Yume Nikki: Dream Diary is a 2018 adventure horror game developed by Kadokawa Games and published by Playism. A reboot of Yume Nikki, the player controls a girl named Madotsuki and explores six worlds inside her dreams. Unlike its predecessor, it contains platforming and puzzle gameplay elements; the game is also rendered in 3D and is seen from a third-person perspective.

Dream Diary is a reboot of the 2004 game Yume Nikki, and was produced under supervision of the original game's creator Kikiyama. It was released for Windows on February 23, 2018, and for Nintendo Switch on February 21, 2019. The game received mixed reviews from critics, who complimented the music and atmosphere but criticized its puzzles and linearity; they generally felt that it did not live up to the quality of the original game.

Gameplay

In Yume Nikki: Dream Diary, the player controls a hikikomori named Madotsuki (窓付き, lit. windowed) at home in her apartment, the only place she can be when awake. In her apartment, she has a game console which allows players to access a retro-style mini game called Super Nasu. On her desk is a diary which keeps track of all collectible concept art found by the player. After Madotsuki falls to sleep, she begins to dream. The player is then presented with a dream world which resembles the same room Madotsuki lives in. In the dream world, the player is able to leave the room, which will lead to a nexus of 6 doors, half of the 12 in the original game, which lead to surrealist worlds that seem to be twisted versions of the real world, including an abandoned playground and a shopping mall. The objective of the game is to collect five items, known as "effects", to finish the game. The player can choose to wake from the dream world at any time, by causing Madotsuki to pinch her cheek and awaken. This behavior ensures that the player has a way out of the dream world at all times.

There is no way to encounter a game over in the game, though enemies do exist in the form of NPCs that can teleport the player to previous checkpoints, forcing them to redo sections of the game. Such NPCs include bird-like humanoid girls with beaks for mouths, called "Toriningen", who will chase after Madotsuki.

Development and release 
Dream Diary predecessor, Yume Nikki, was created independently and released as freeware in June 2004 by a Japanese developer using the pseudonym Kikiyama. After 2011, there was no update from Kikiyama until Yume Nikki was published on Steam in January 2018. Coincident with the Steam release, a two-week countdown began on the Kadokawa Corporation website, accompanied by a message indicating an unspecified Yume Nikki project was being produced. At the end of the countdown, Dream Diary was revealed to be in development at Kadokawa Games and a release date was announced. According to the game's publisher, Playism, it was produced with supervision and cooperation from Kikiyama. Dream Diary incorporated influences from contemporary indie games as well as characters from Yume Nikki. The developers also reportedly included abandoned design concepts from the original game. Shortly before the game's release, Playism announced that it would feature a collaboration with Ao Oni, another freeware horror game.

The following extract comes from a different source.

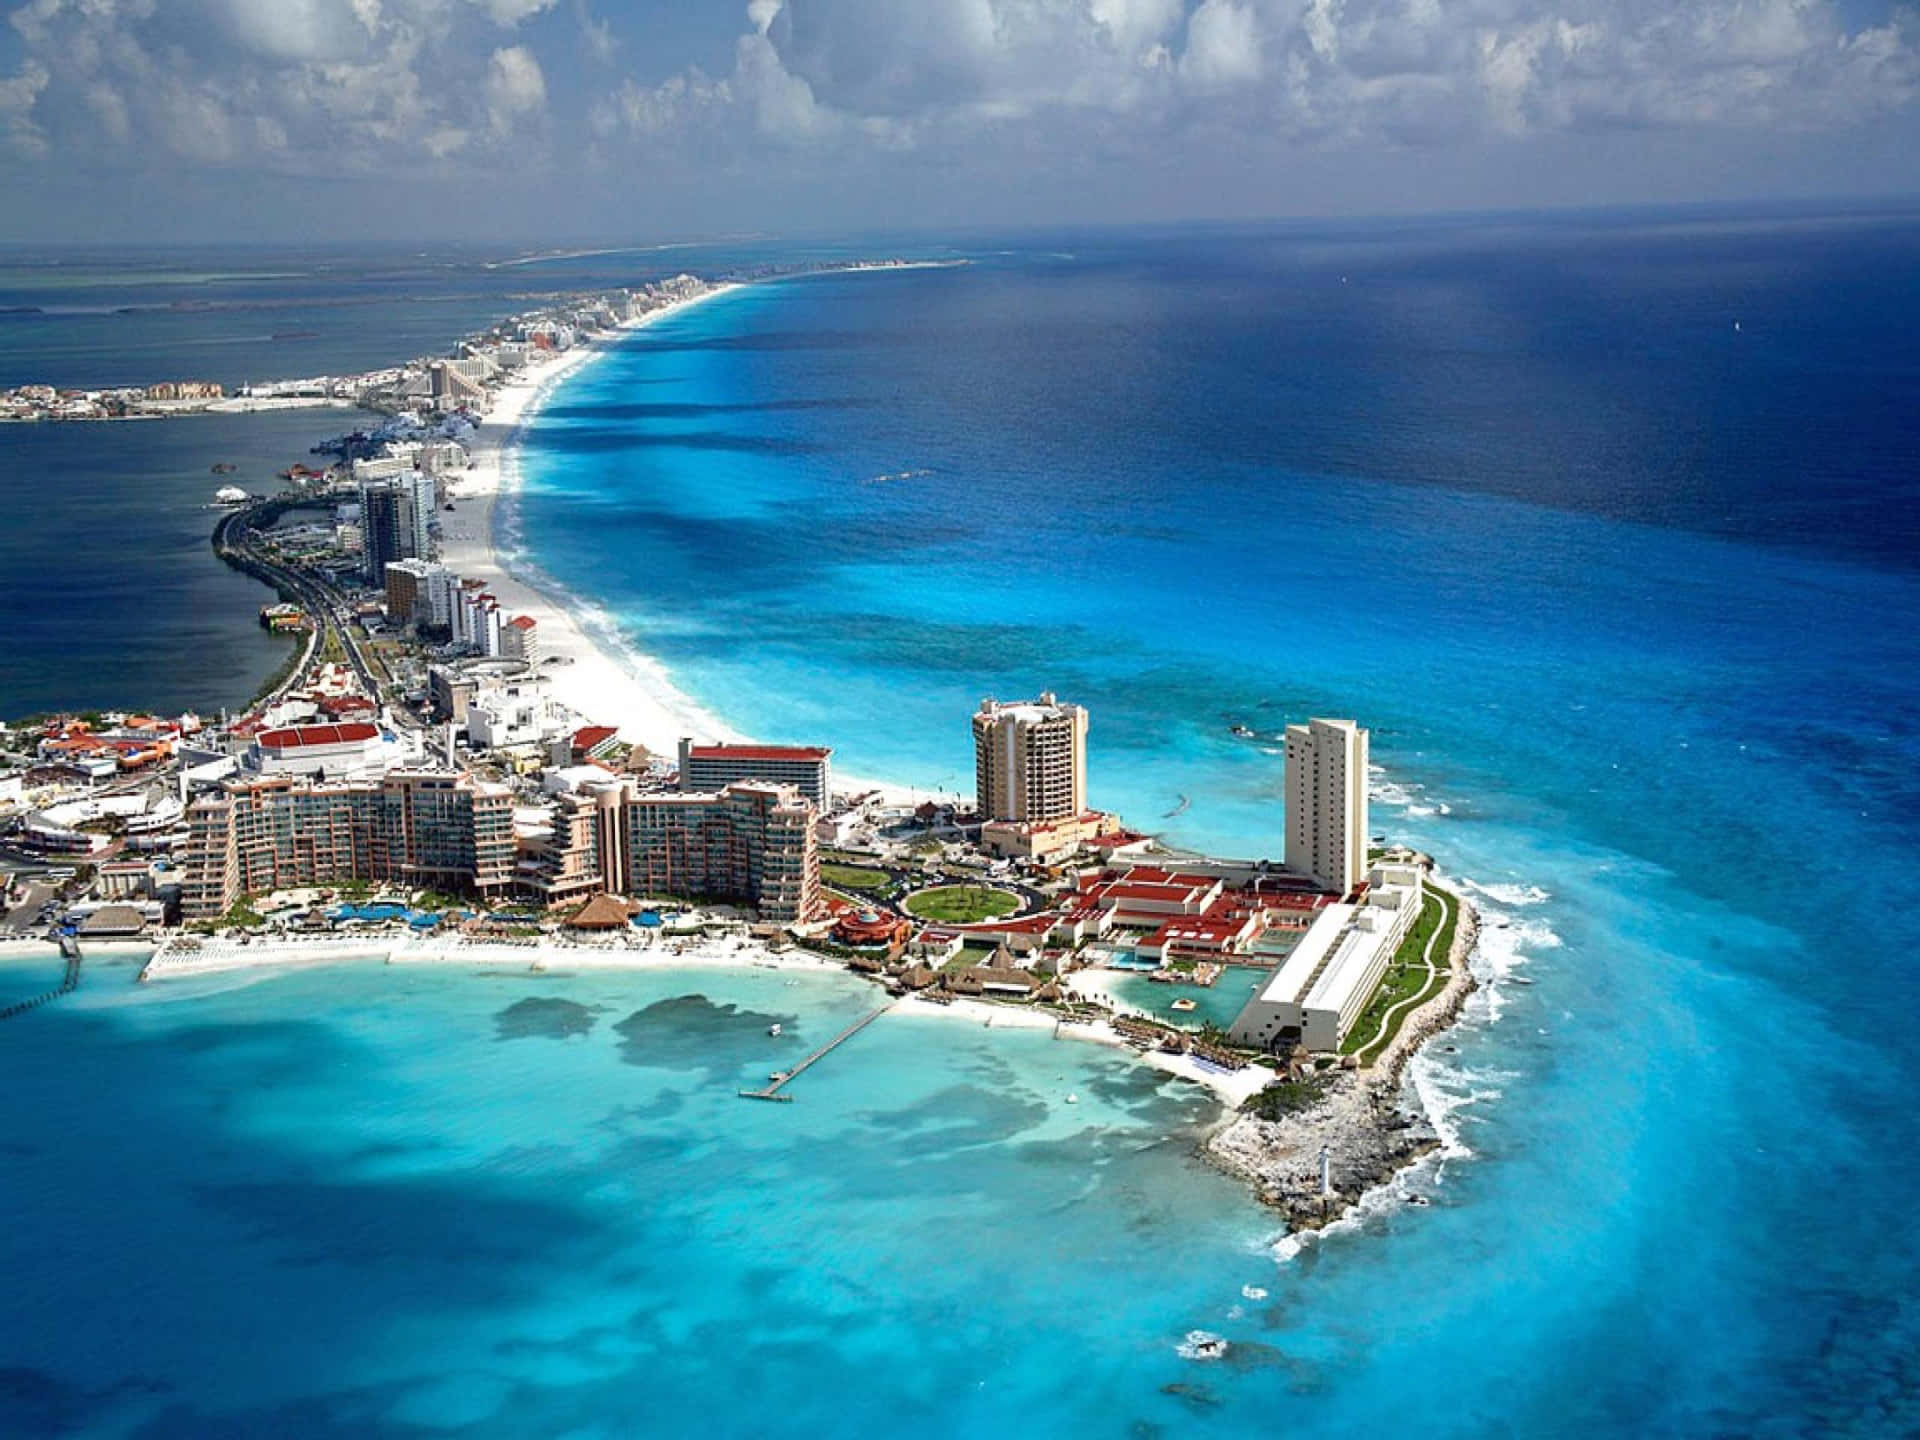 Free Cancun Mexico Wallpaper Downloads, [100+] Cancun Mexico Wallpapers for  FREE

Dream Diary was released for Windows on February 23, 2018, and for Nintendo Switch on February 21, 2018.

Reception
Yume Nikki: Dream Diary received a score of 51/100 on review aggregate site Metacritic, indicating "mixed or average reviews".

Adam Smith of Rock Paper Shotgun lambasted the world designs, which tried to evoke the sense of the original game's, comparing them to "bootleg DVD covers" and saying that they were not "particularly [surreal] or dream-like". He also criticized the gameplay for being clunky and confusing at points. In comparison to the original, he felt Dream Diary had lost all of its "mysterious horror and charm".

Chris Shive of Hardcore Gamer rated the game 2.5/5 points, calling the visuals a "major strong point" of the game, such as unsettling environments and interesting creature designs. Because of these aspects, he felt the game successfully recreated the "chaotic and random" feel of dreams. Despite the interesting premise and strong visuals, he felt the game was not very enjoyable to play, citing the linear world layouts and weak puzzles as contributing factors.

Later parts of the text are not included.